ACTIVITY:
Wherever a picture appears, skip it and retype the rest of the data exactly.

DATA EXTRACT:
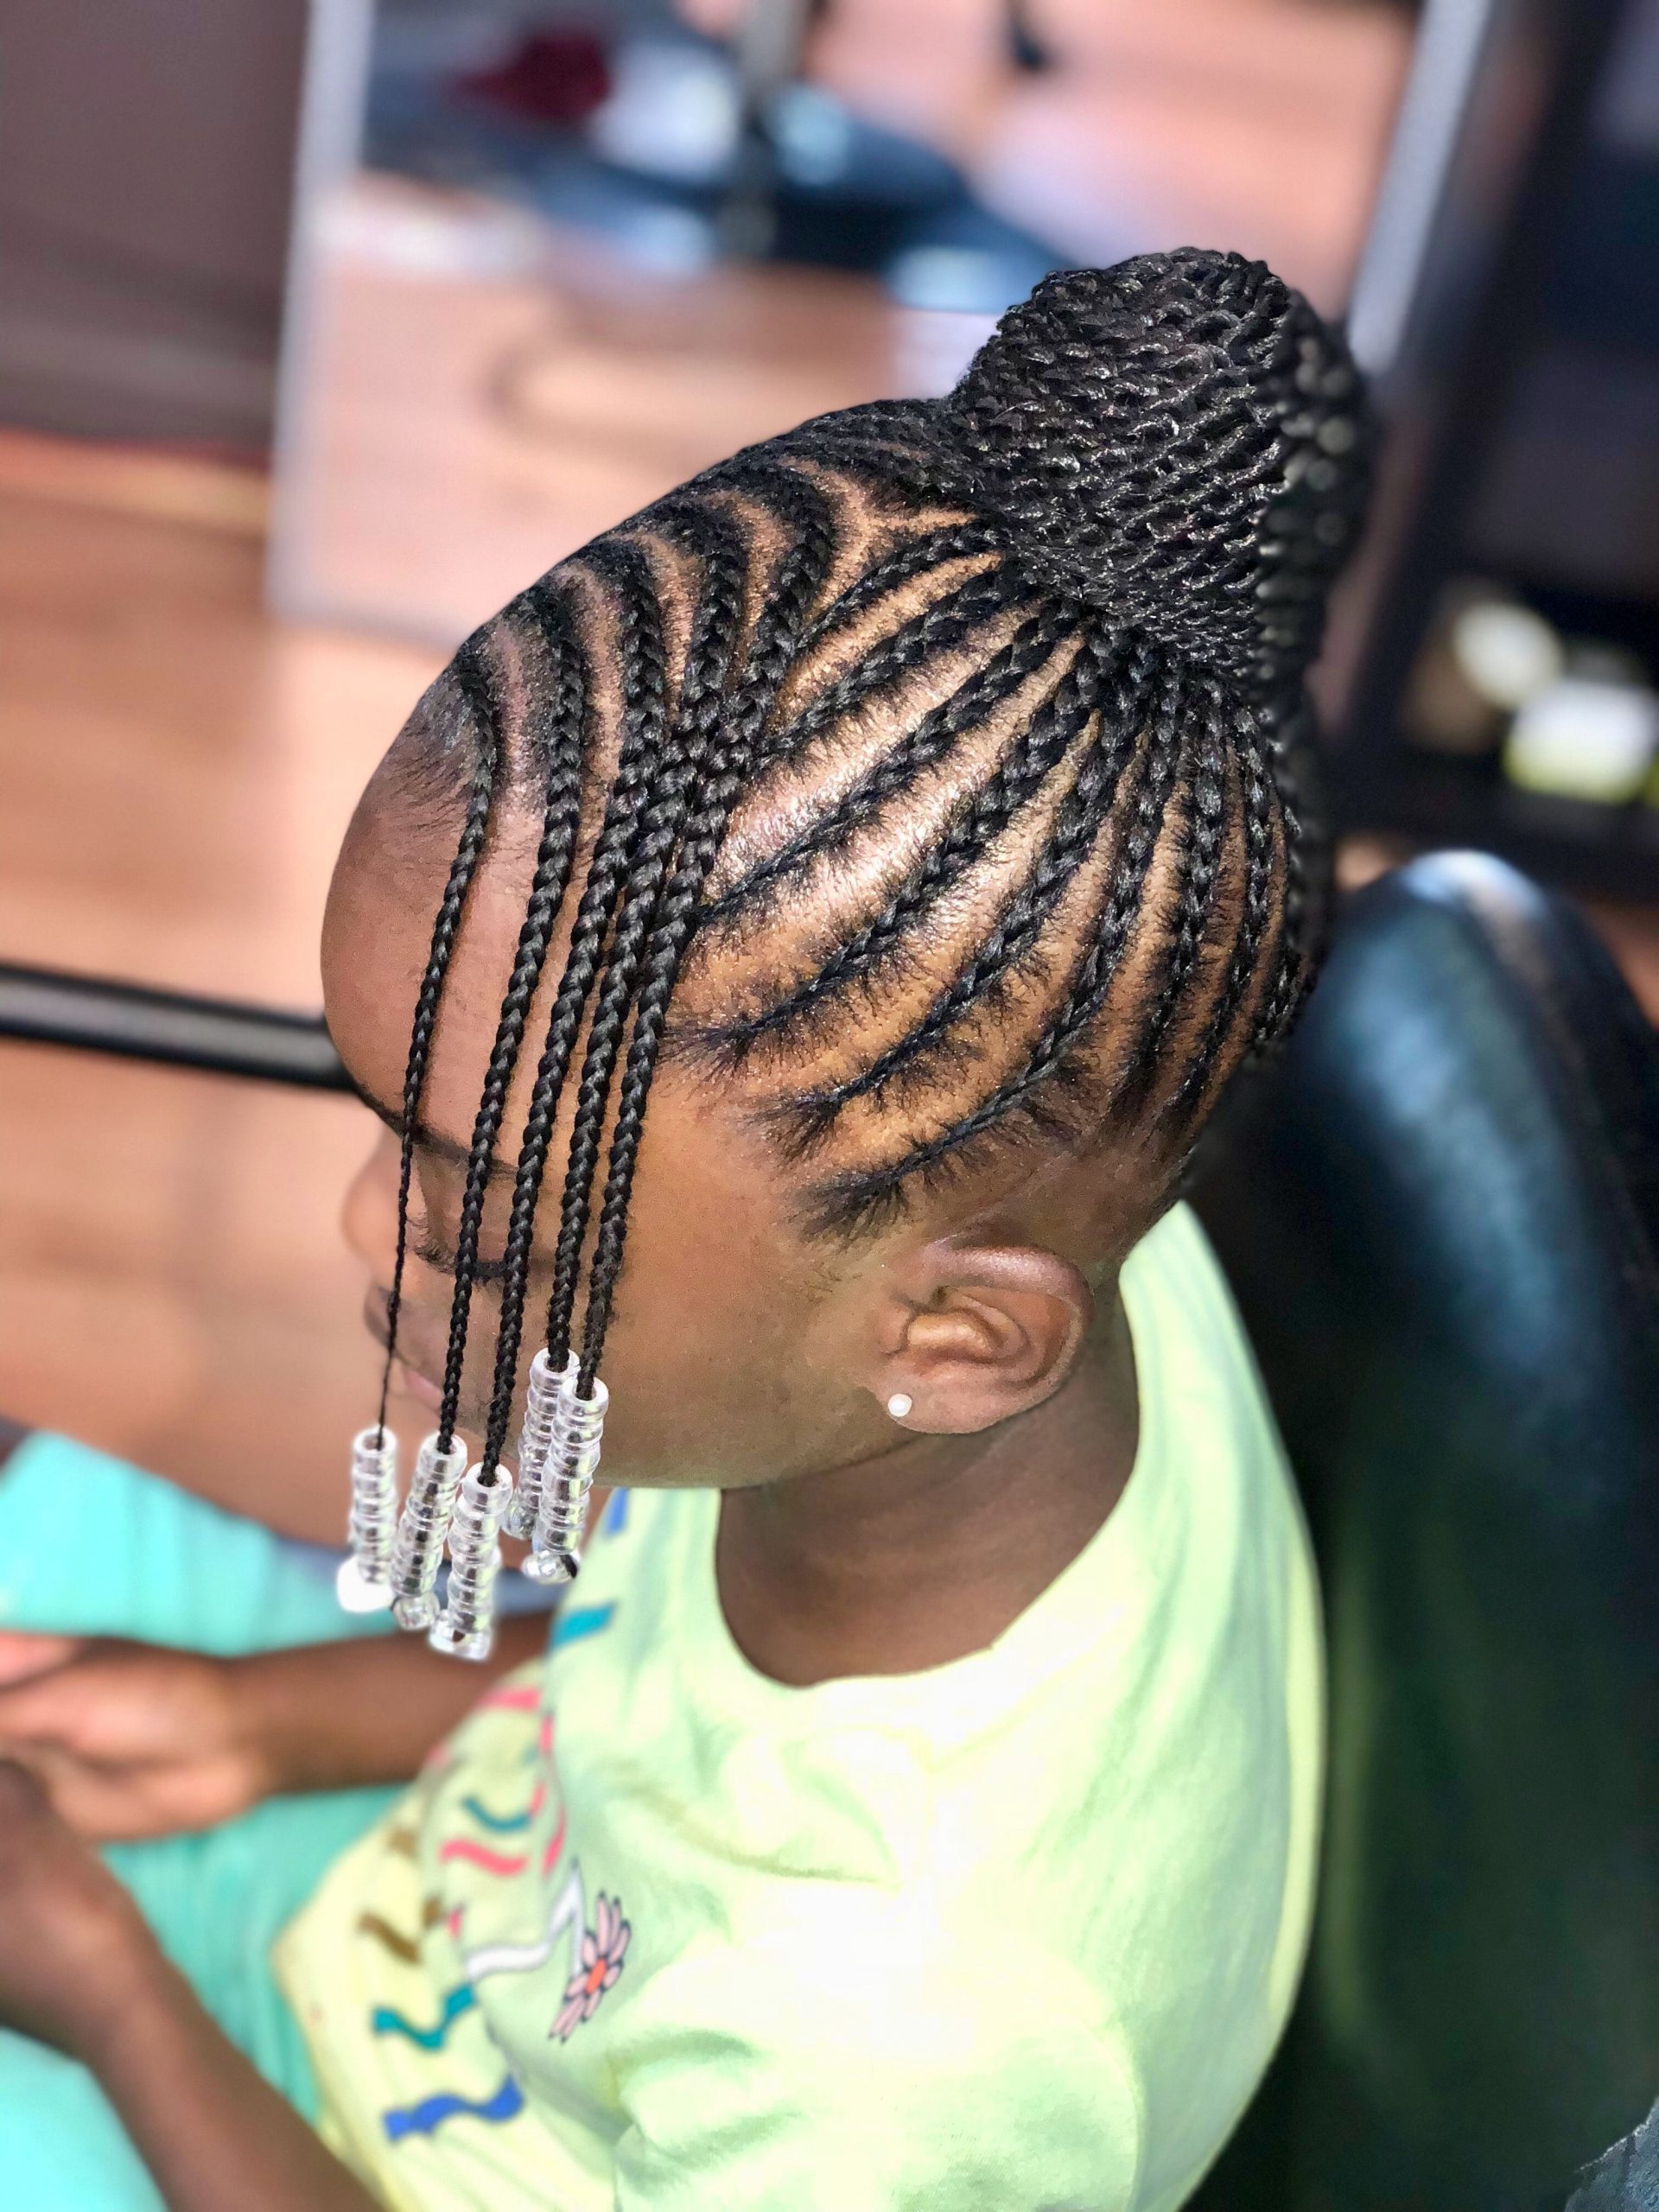 little girl braid hairstyles
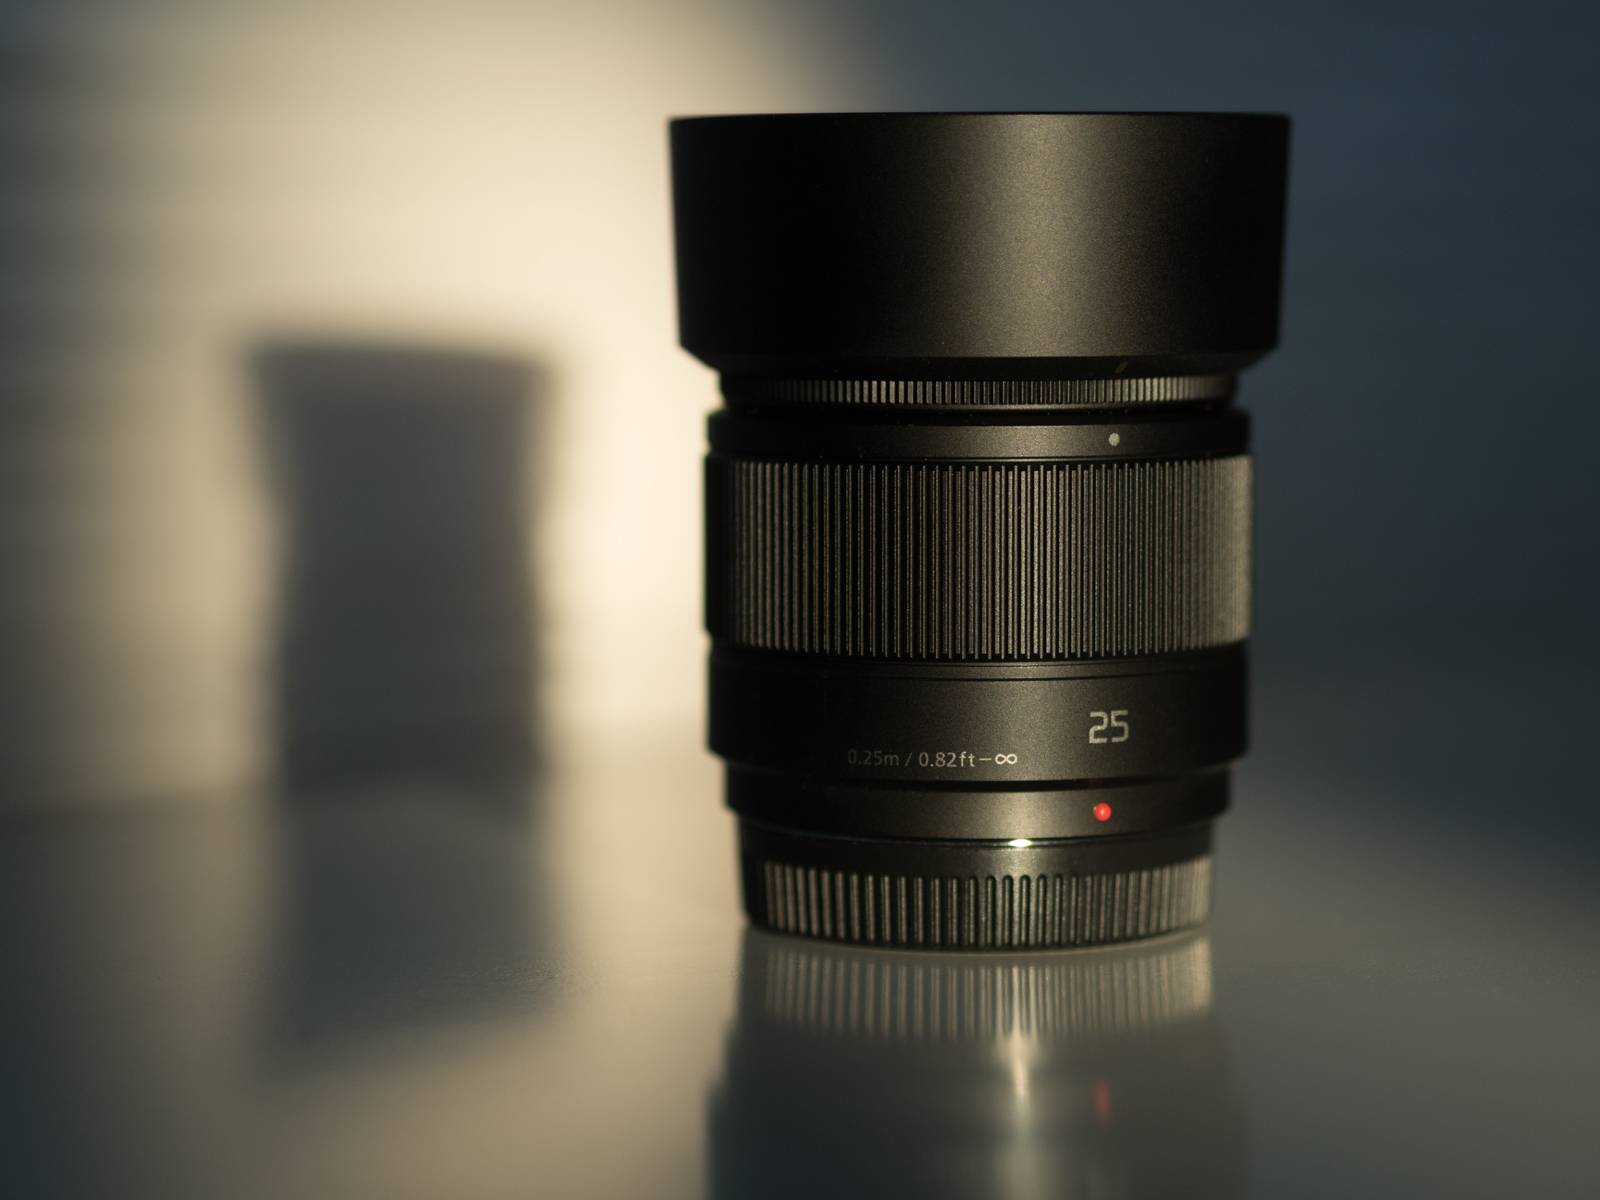 Panasonic Lumix 25mm 1.7 Review + images – 43rds Lenses | Peter Tsai Photography Blog
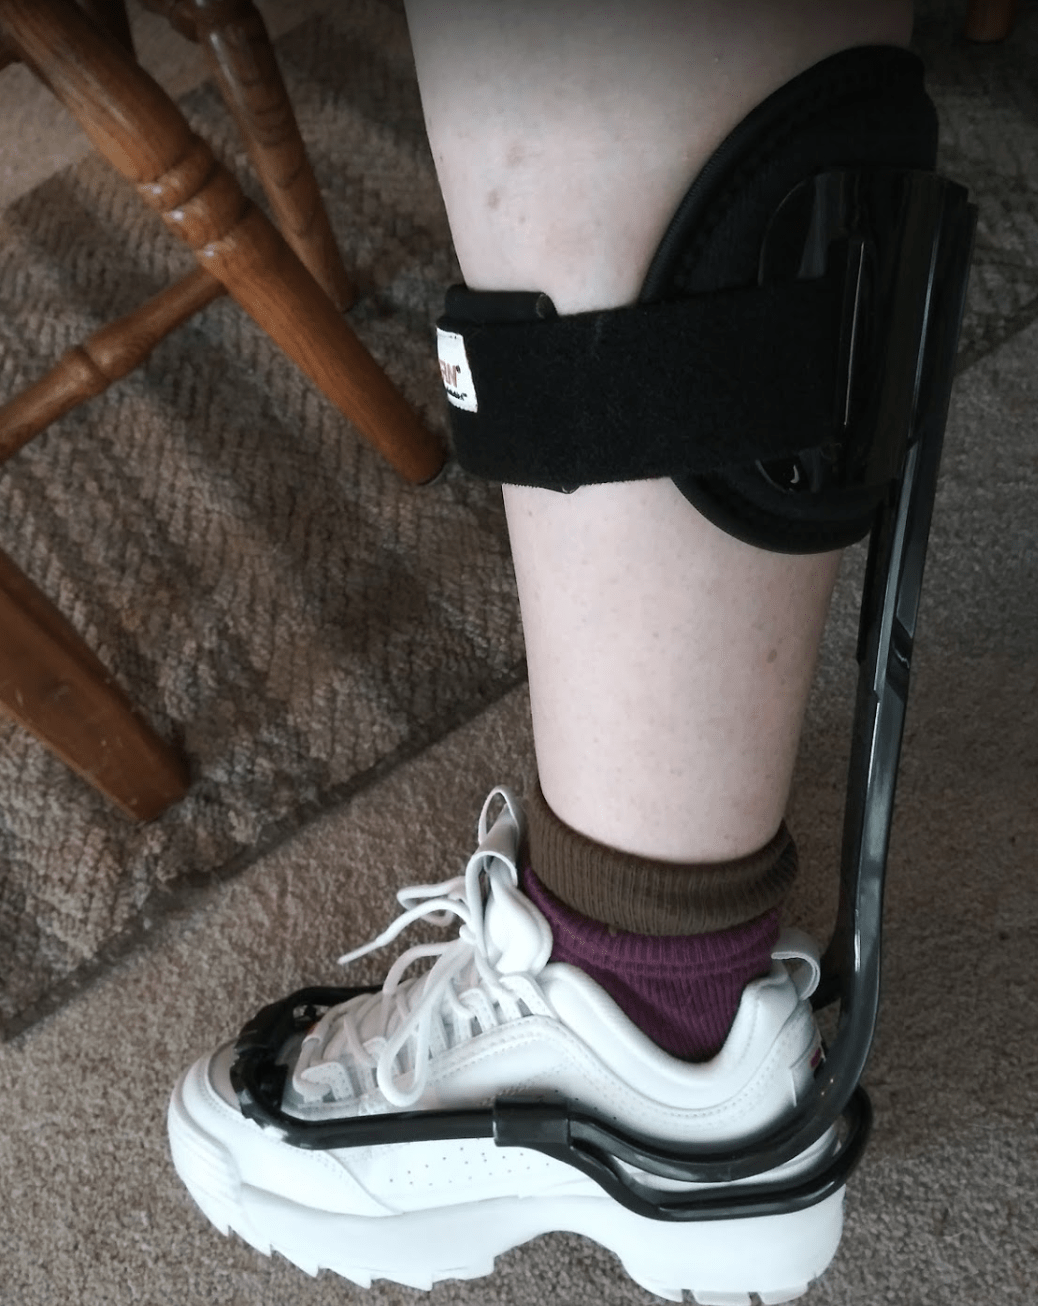 Woman's leg wearing a TurboMed AFO

OUTPUT FOR THIS EXERCISE:
 little girl braid hairstyles
 Panasonic Lumix 25mm 1.7 Review + images – 43rds Lenses | Peter Tsai Photography Blog
 Woman's leg wearing a TurboMed AFO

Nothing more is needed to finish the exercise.